AP Biology Unit 2: Cell Structure and Function

Cell Structure and Organelles

Living things are composed of cells; the cell serves as the fundamental unit of structure and function.
A central theme for AP Biology is structure-function: how a cell or its components are constructed explains their specific capabilities.
Eukaryotic cells are viewed as coordinated systems of compartments, membranes, and molecular machines rather than isolated facts.

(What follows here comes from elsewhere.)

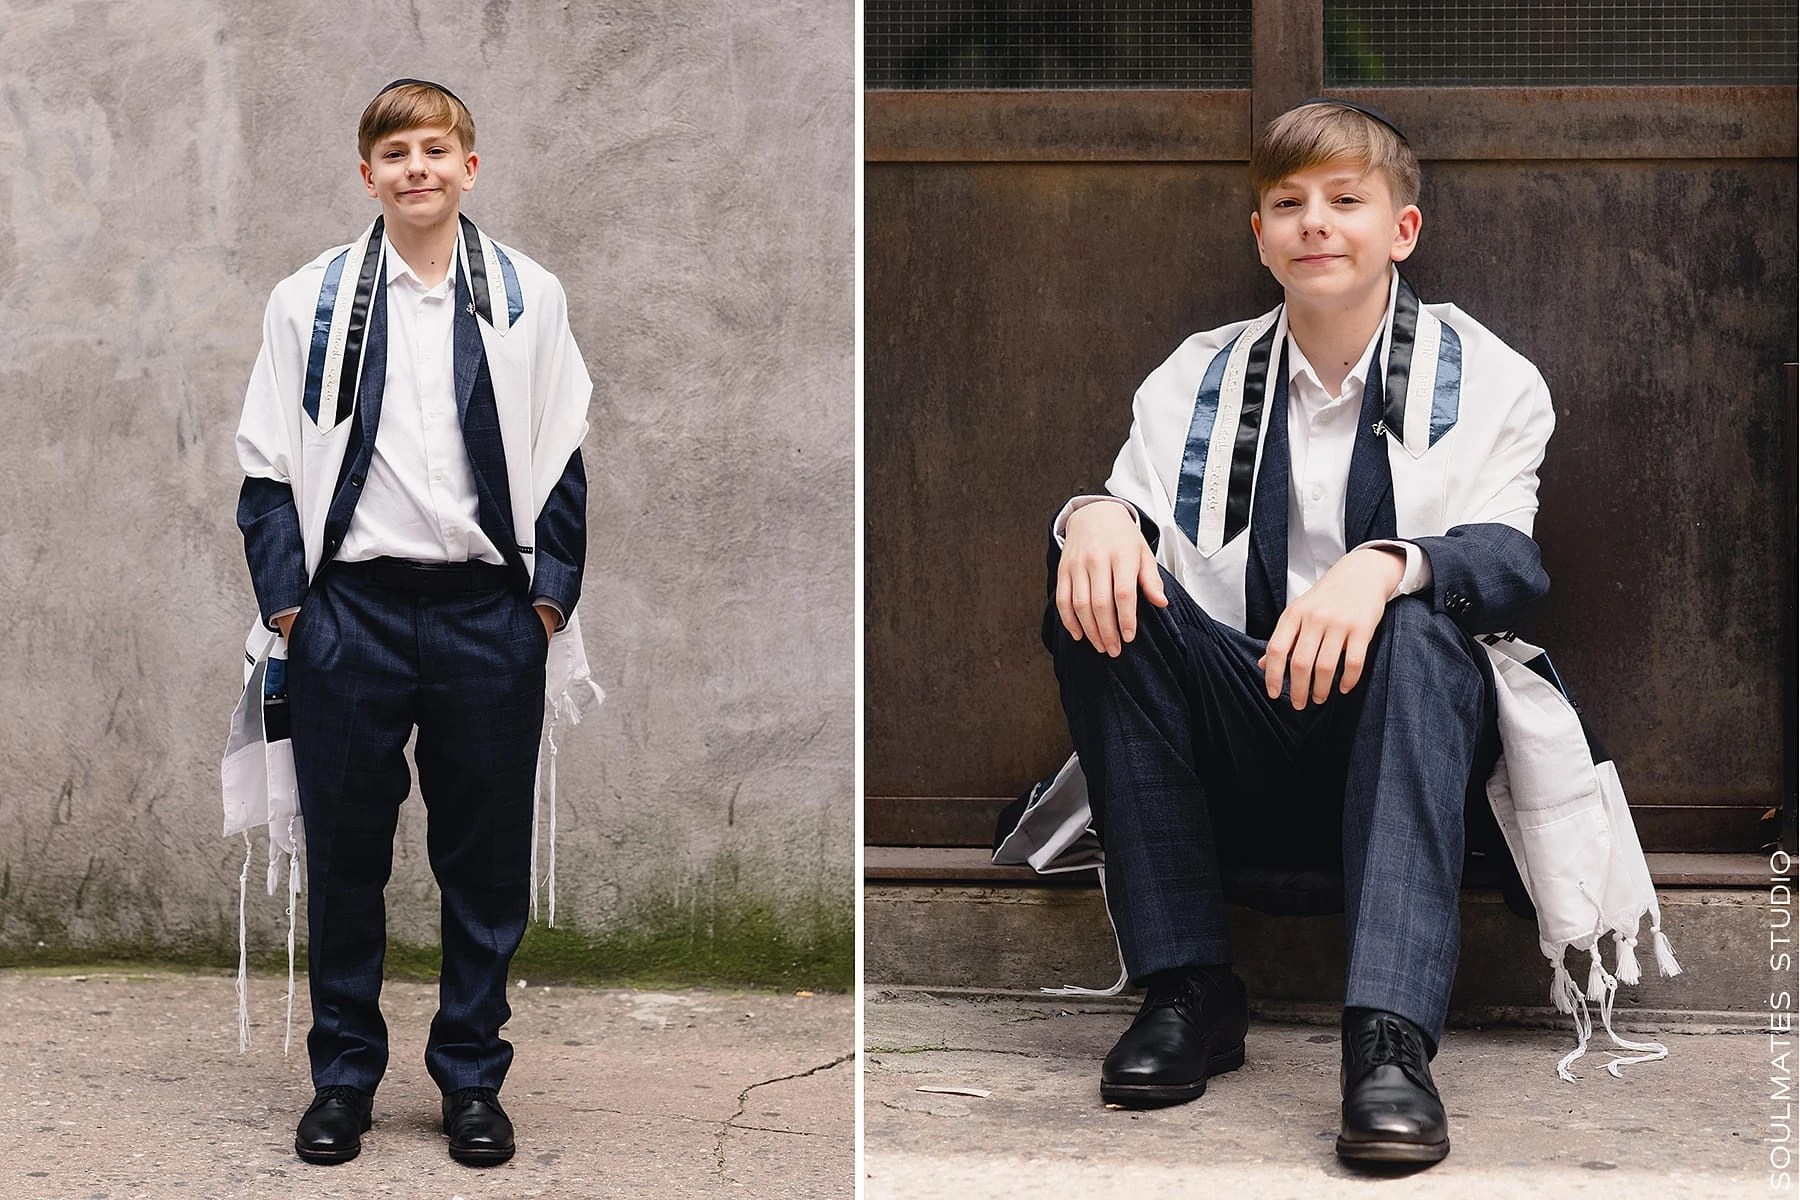 New York Bar mitzvah boy portraits

Prokaryotic vs. Eukaryotic Cells

All cells share core features: - A plasma membrane. - Cytoplasm. - DNA as genetic material. - Ribosomes for protein synthesis.
Prokaryotic Cells (Bacteria and Archaea): - Generally smaller than eukaryotic cells. - Lack membrane-bound organelles. - Genetic material is typically one continuous, circular DNA molecule located in the nucleoid (not enclosed by a nucleus). - Cell wall: Provides structural support; in most bacteria, it is composed of peptidoglycan. - Capsule: Found in some species for extra protection and adhesion. - Pili: Used for attachment and occasionally DNA transfer. - Flagella: Used for motility (structure differs from eukaryotic flagella). - Ribosomes: Small ribosomes located in the cytoplasm. - Misconception: Prokaryotes are often wrongly considered "simple." While less compartmentalized, they are biochemically sophisticated and perform DNA replication, transcription, translation, and metabolism using highly evolved machinery.
Eukaryotic Cells (Animals, Plants, Fungi, Protists): - Contain many internal membranes forming membrane-bound organelles. - Advantage of Compartmentalization: Allows different processes to occur simultaneously in diverse microenvironments.

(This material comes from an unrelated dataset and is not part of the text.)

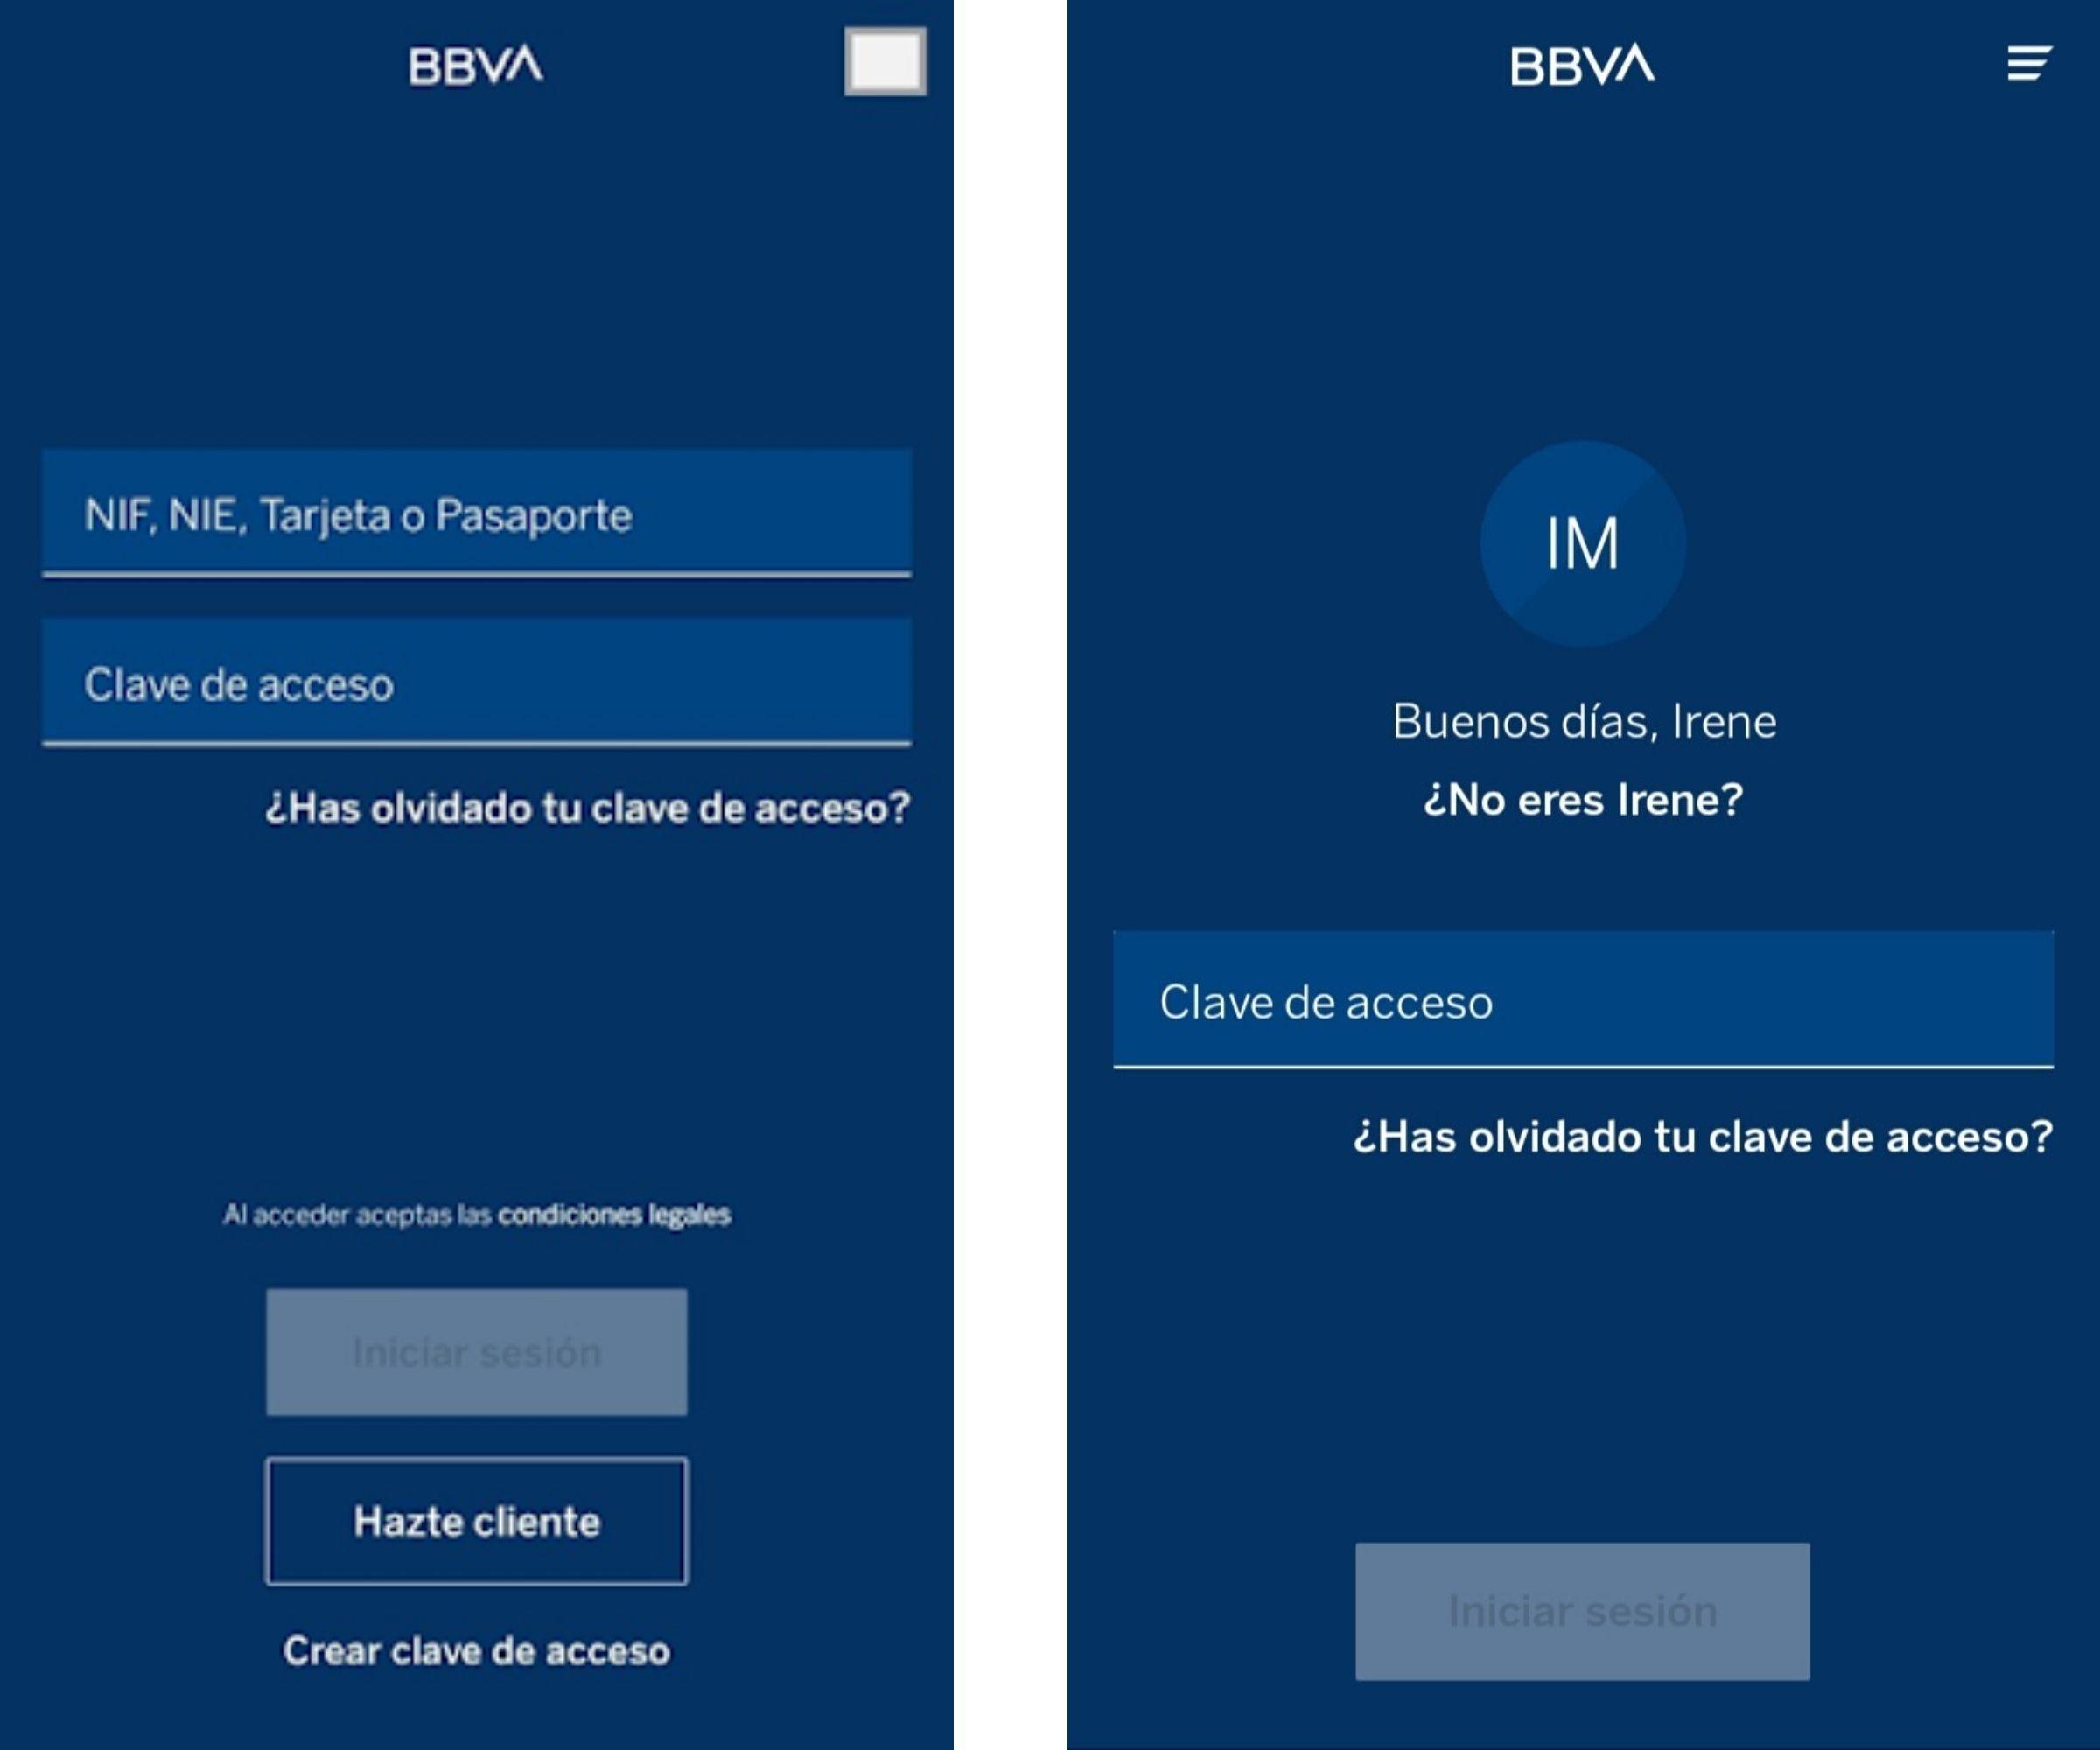 malware app bbva

Why Compartmentalization Matters

Membranes partition the cell into regions with distinct conditions (pH, enzymes, ion concentrations).
Efficiency: Concentrates enzymes and substrates in specific areas.
Protection: Isolates potentially harmful chemical reactions, such as the breakdown of macromolecules.
Control: Regulates what enters and exits each specific compartment.
Factory Analogy: A cell is like a factory with specialized rooms and controlled access, rather than a single open warehouse.

The Nucleus: Information Storage and Control

Usually the largest organelle in a eukaryotic cell.
Stores hereditary information (DNA) organized as chromatin (or chromosomes during cell division).
Directs cell activities and is central to reproduction.
Nuclear Envelope: A double membrane enclosing the nucleus.
Nuclear Pores: Regulate traffic by allowing RNA to exit and proteins to enter.
Nucleolus: The most visible internal structure; it is the site of rRNA production and the beginning of ribosome subunit assembly.
Gene Regulation: Separating DNA from the cytoplasm allows for extra layers of regulation, including RNA processing, splicing, and export control, which supports complex multicellular life.

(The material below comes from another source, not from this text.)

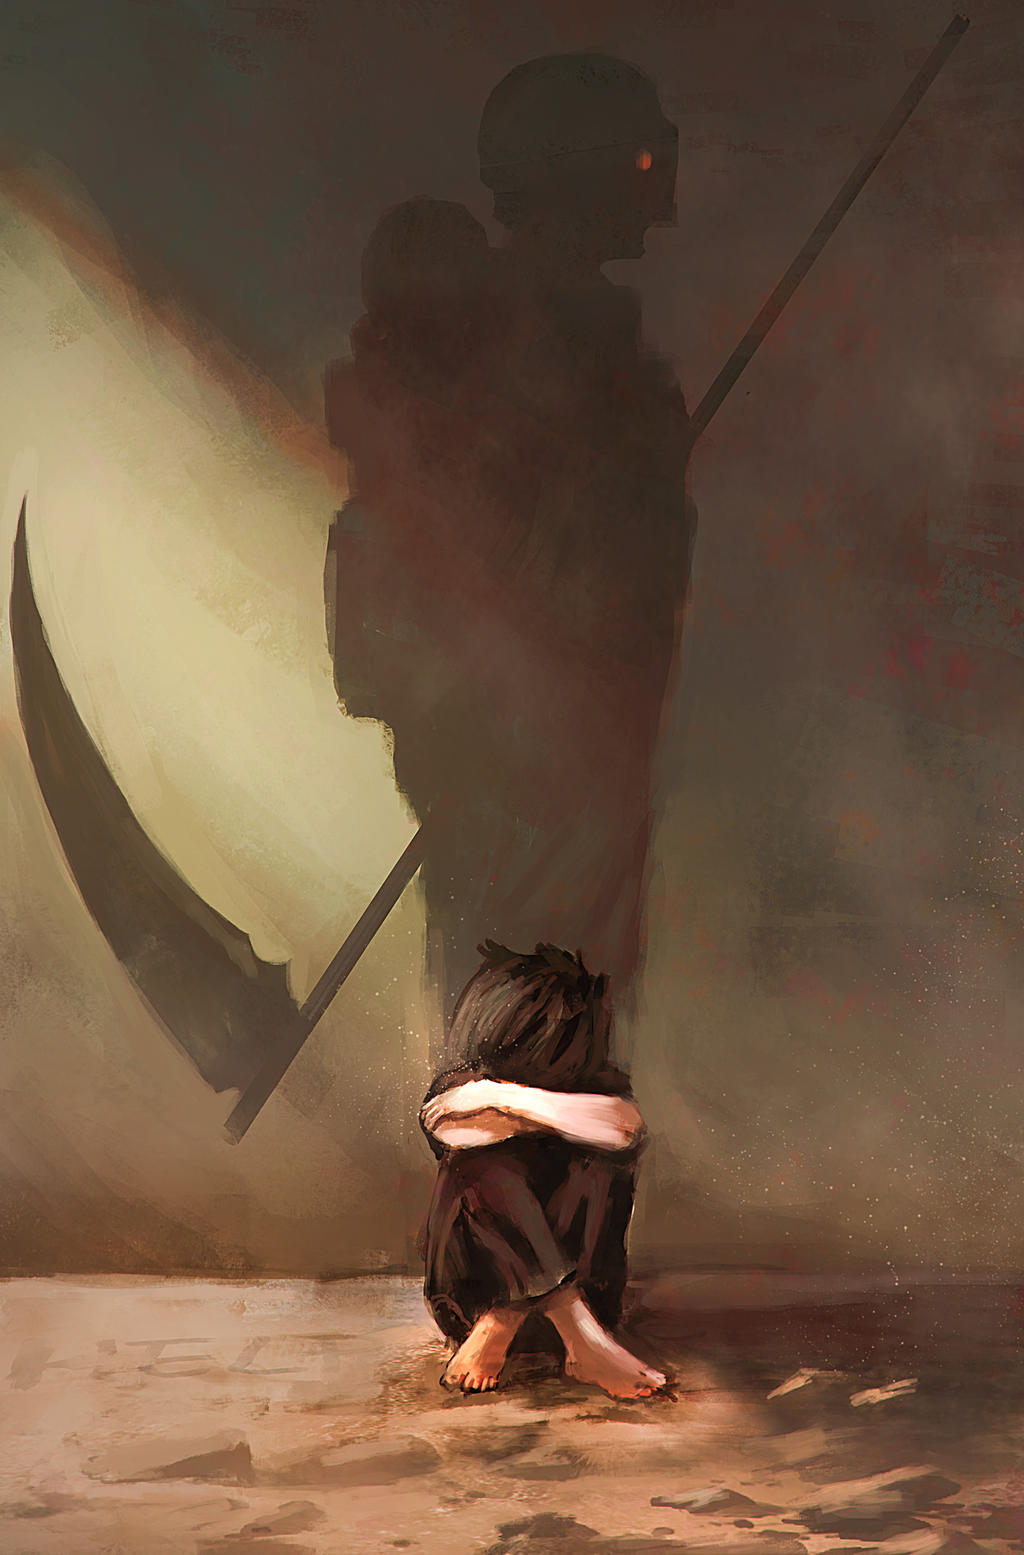 Creating War by Fenris31

Ribosomes: Protein Synthesis Machines

Sites of protein synthesis; not membrane-bound organelles.
Structure: Round structures made of rRNA and proteins, divided into a large and a small subunit.
Free Ribosomes: Located in the cytosol; typically produce proteins used within the cytosol.
Bound Ribosomes: Attached to the rough Endoplasmic Reticulum (ER); typically make proteins for secretion, membranes, or specific organelles.
AP Exam Tip: Questions often test the connection between the ribosome location and the final destination of the protein.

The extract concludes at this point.